EXERCISE INSTRUCTIONS: Pictures aside, print all of the data below exactly as written.

RECORDED DATA:
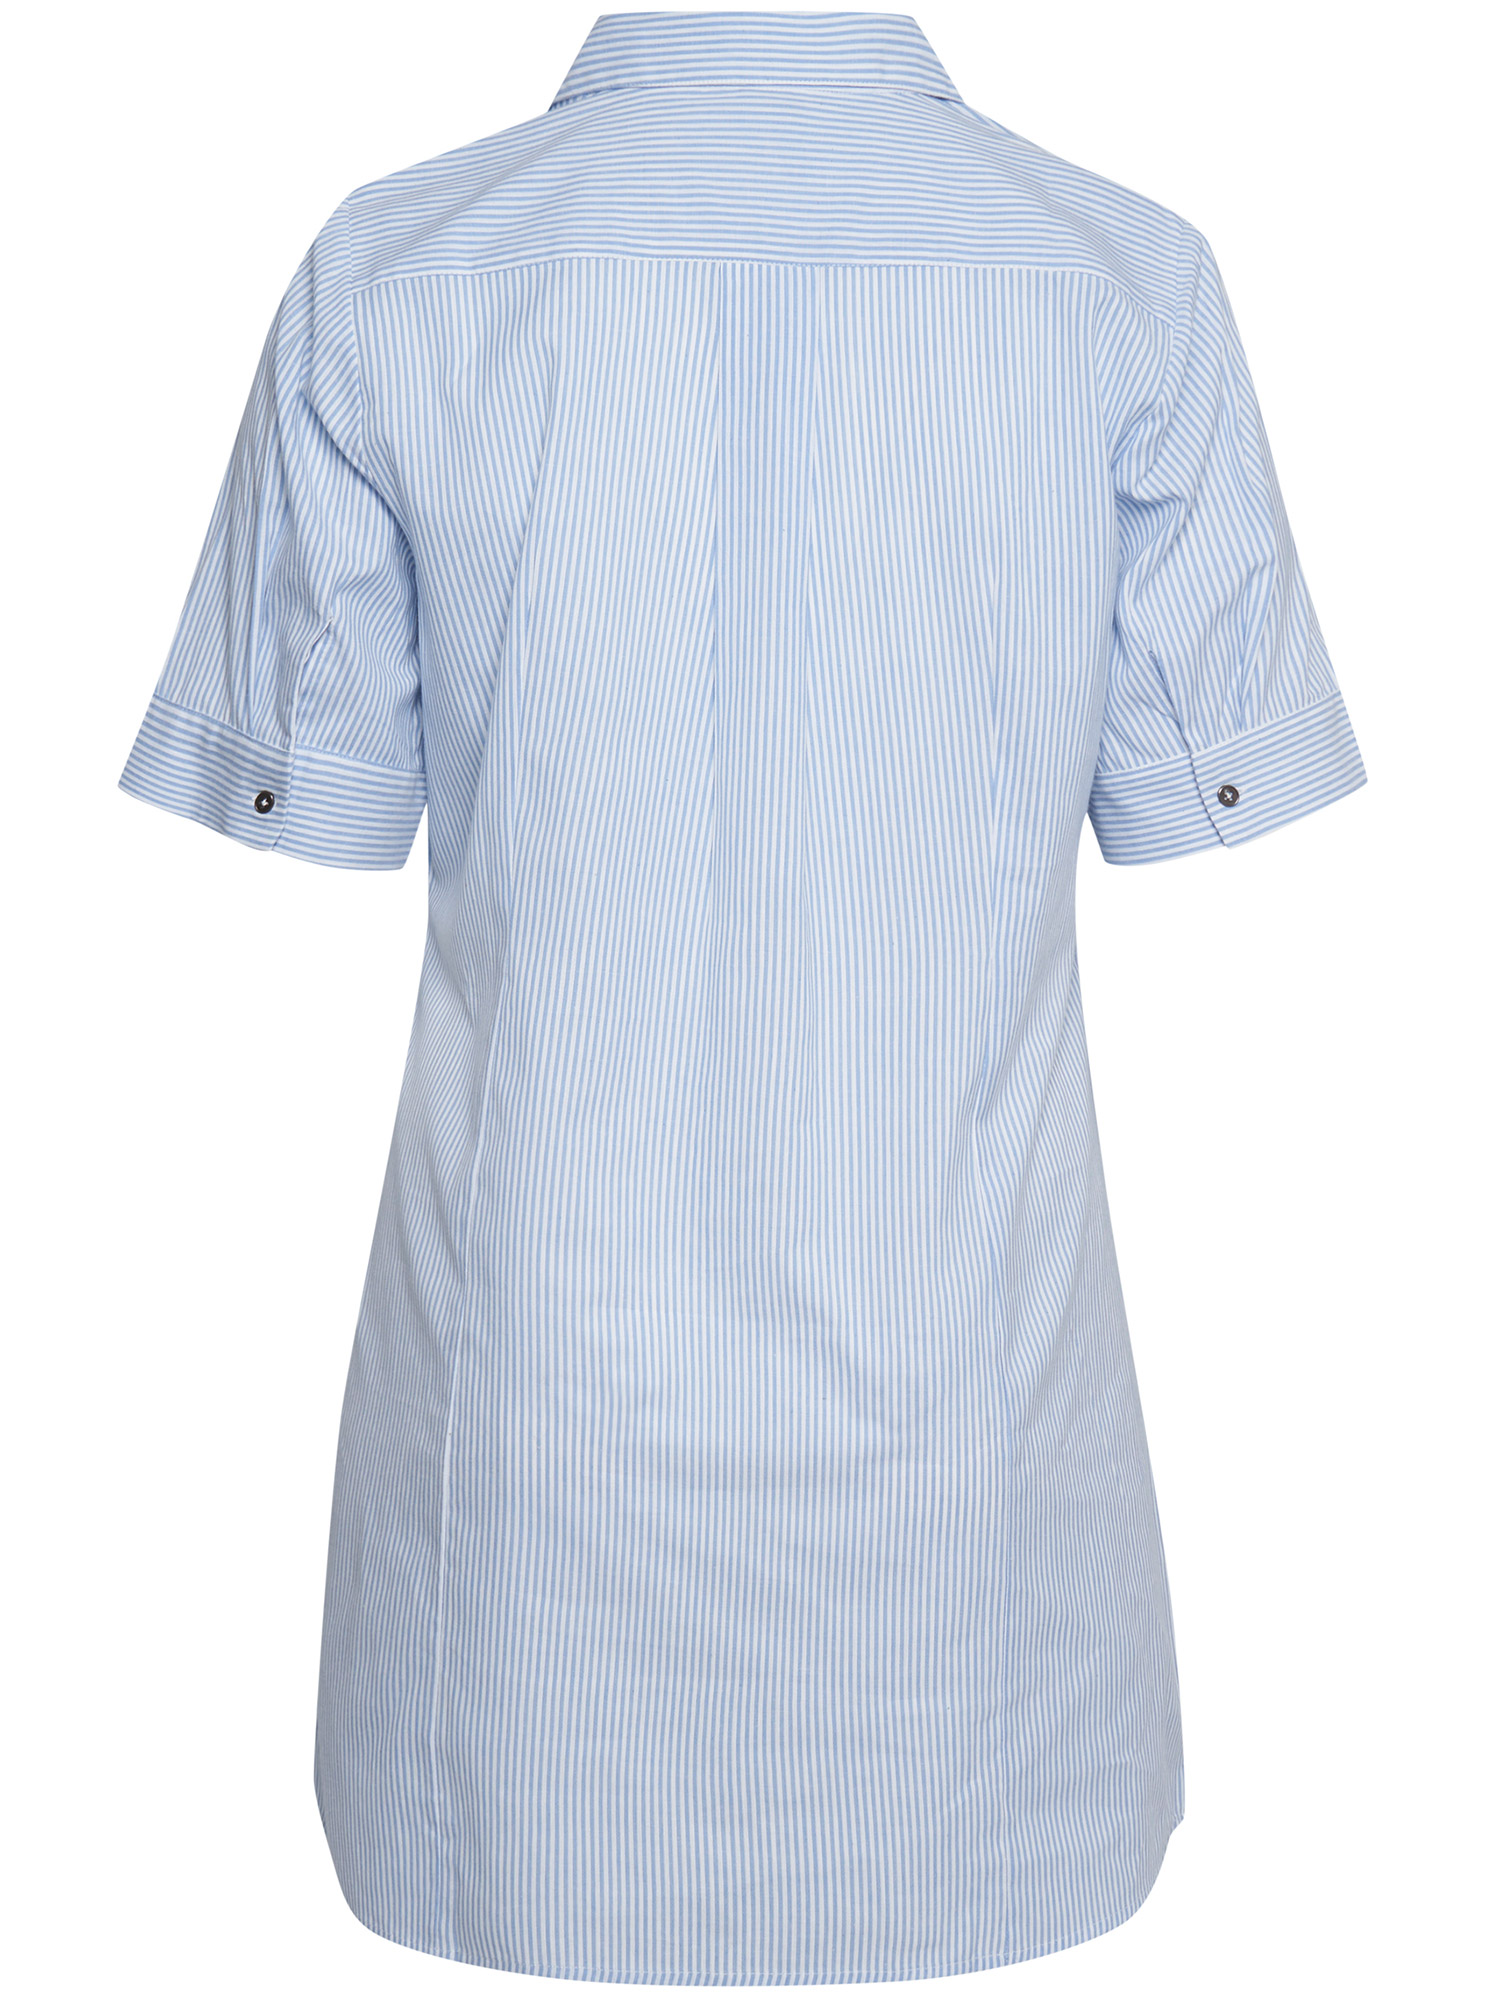 bomulls tunika med hvite og blå striper fra Adia
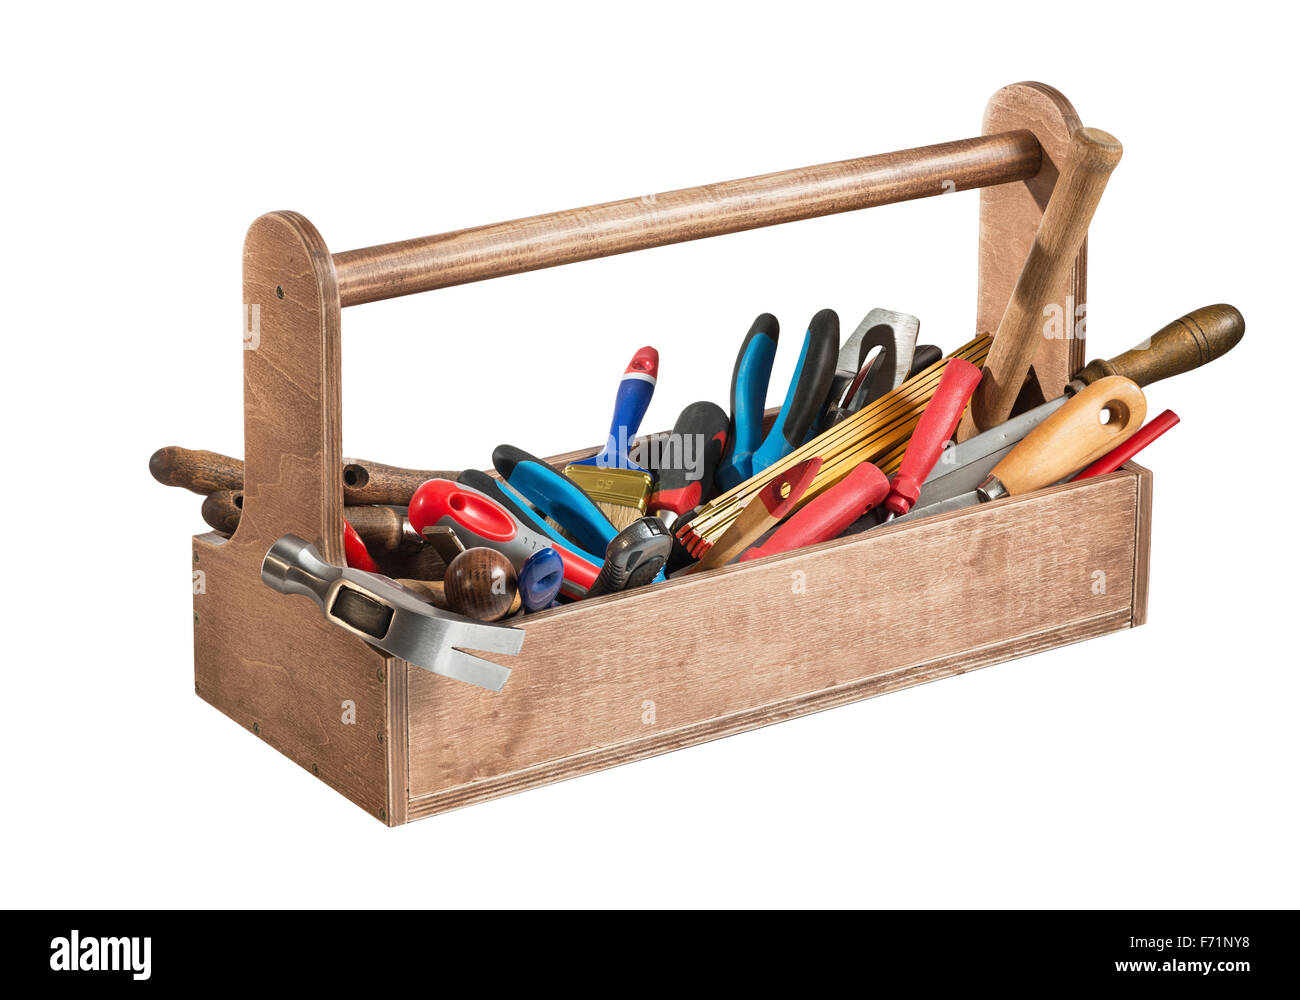 Holz Werkzeugkasten mit Werkzeugen isoliert auf weißem Hintergrund Stockfoto
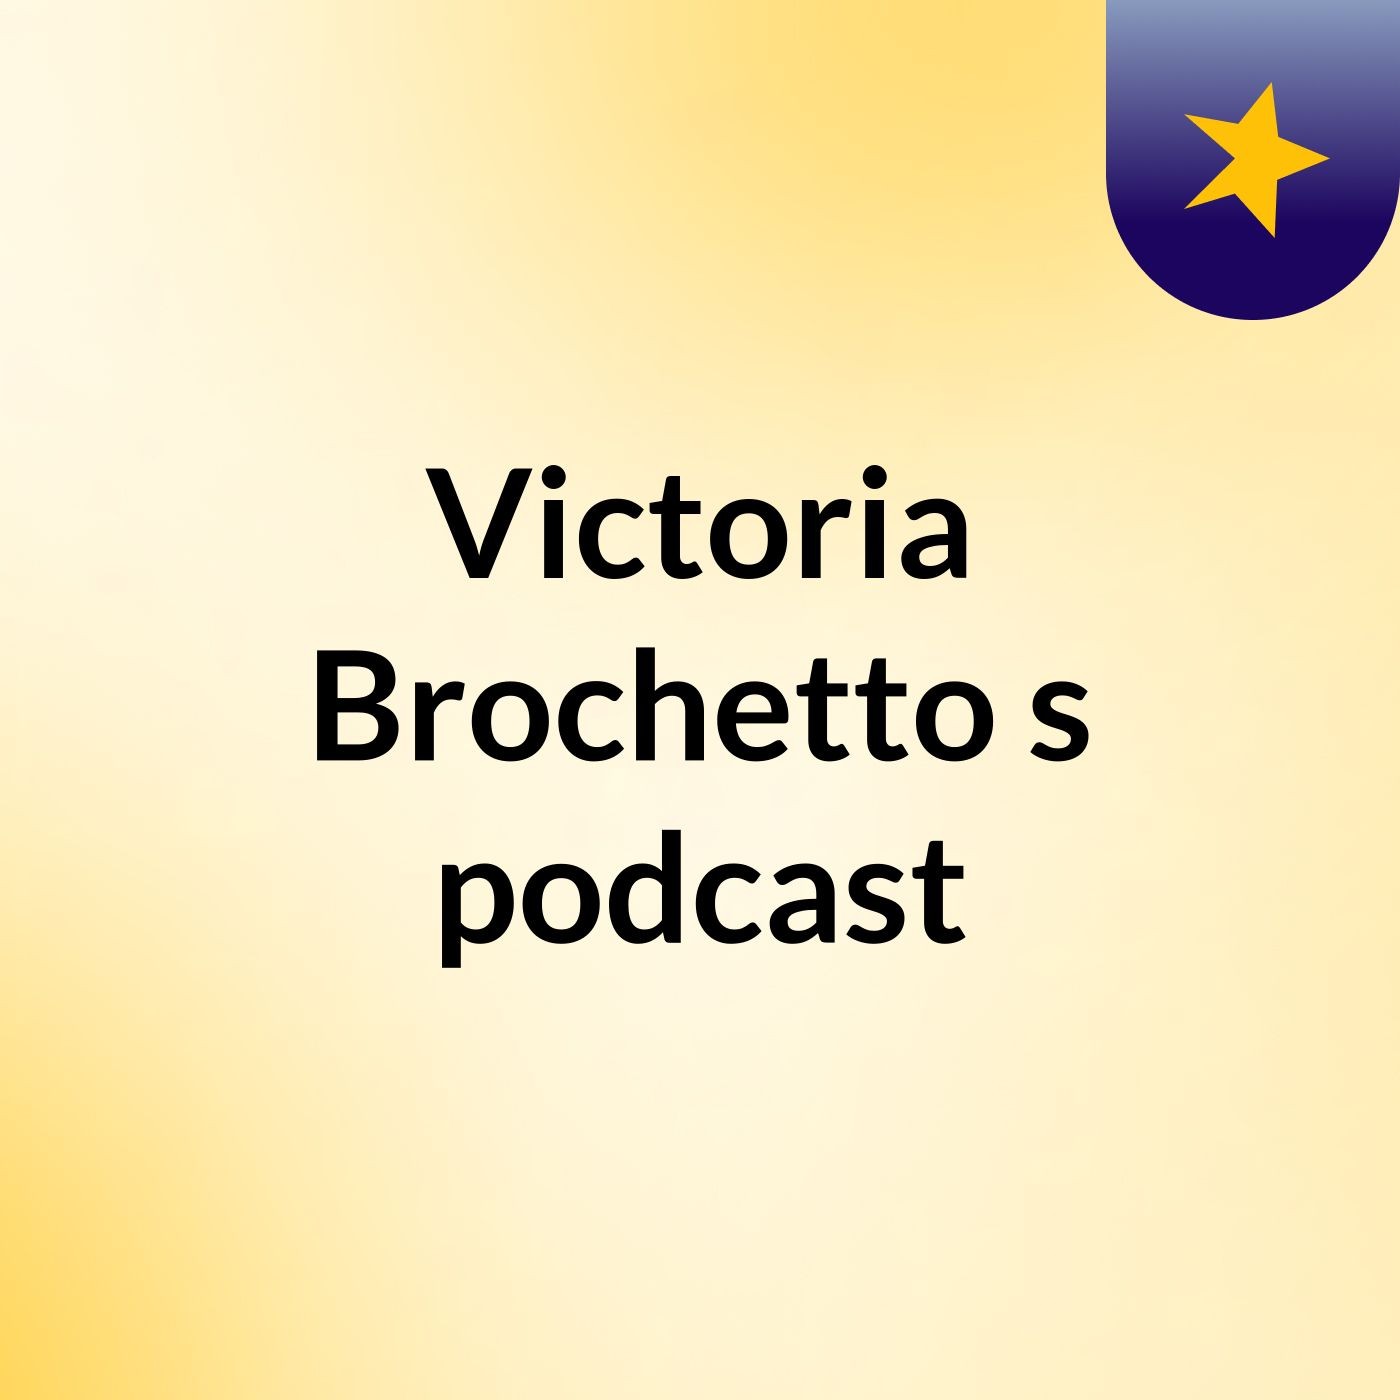 Victoria Brochetto's podcast

FINAL ANSWER:
 bomulls tunika med hvite og blå striper fra Adia
 Holz Werkzeugkasten mit Werkzeugen isoliert auf weißem Hintergrund Stockfoto
 Victoria Brochetto's podcast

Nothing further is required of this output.